Hill farms, traditionally passed down through farming families, have in recent years found a new market; sought after by foresters searching for plantable land, they are attracting stiff competition and significant premiums.
Up until a few years ago, the demand and supply cycle for upland livestock units was low and while some followed parents and grandparents into farming, many of the next generation sought careers elsewhere. As a result, existing farmers found it hard to retire. Three or four years on, the farming challenges may still exist but the forester is urgently seeking land on which to plant trees.
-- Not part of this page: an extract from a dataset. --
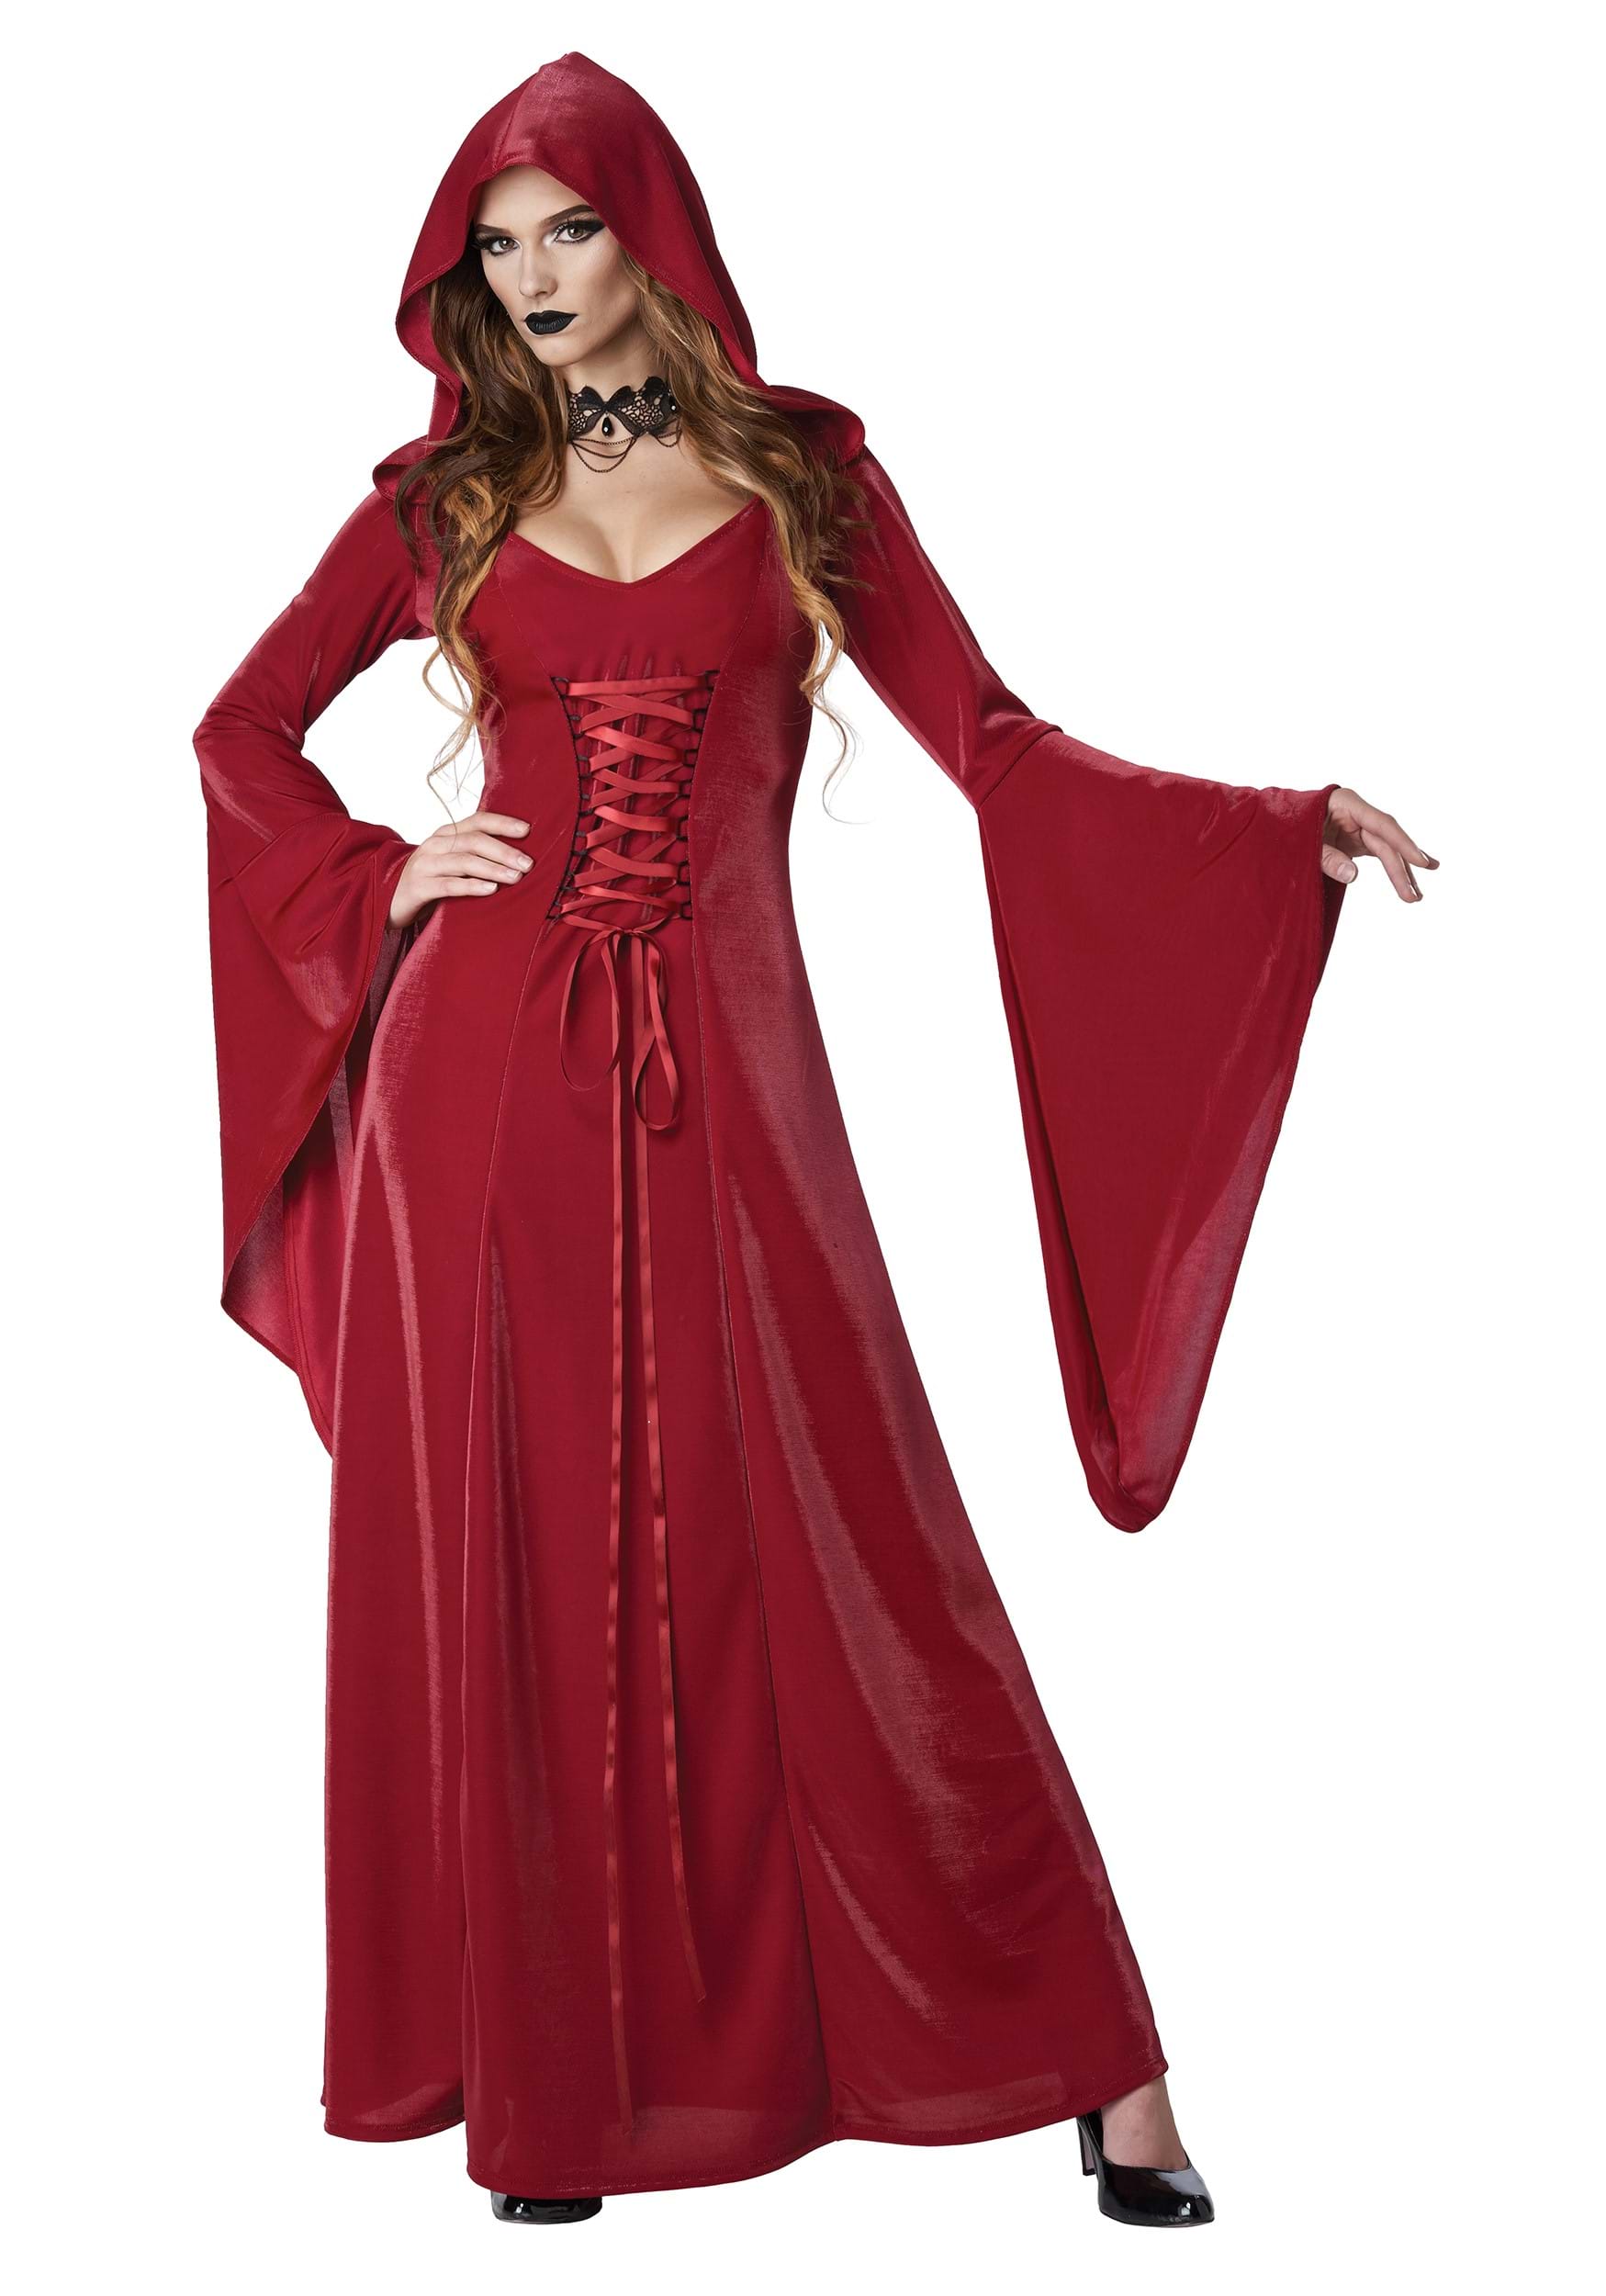 Photos - Fancy Dress California Costume Collection Crimson Robe Adult Costume for Women Red CA5

The Scottish and UK governments are clear: we need more home grown timber. The change of land use from agriculture to woodland creates carbon credits, eagerly sought after by CO2 emitting corporations, aspirational institutional investors and business owners all trying to improve their environmental social and governance (ESG) standing. Timber is globally in short supply but demand is rising. Carbon and timber are indeed persuasive forces in land use.
The tree planter is currently paying several times the land price paid by the livestock farmer, driven by a shortage of supply and pent-up demand. Off-market sales do not reach the same premiums; therefore it is vital to bring properties to the open market in order to generate competitive bidding and secure strong prices. Where possible, the planter will look at better land lower down the hill to increase the options for tree species and crop productivity. The use of improved seed stock and Douglas fir are exciting prospects in current planting schemes.
Growing timber does not have to be at the expense of food production. The two commodities can co-exist; new woodland benefits livestock units through enhancing shelter and thus improving stock welfare and easing farm management. An open conversation is essential.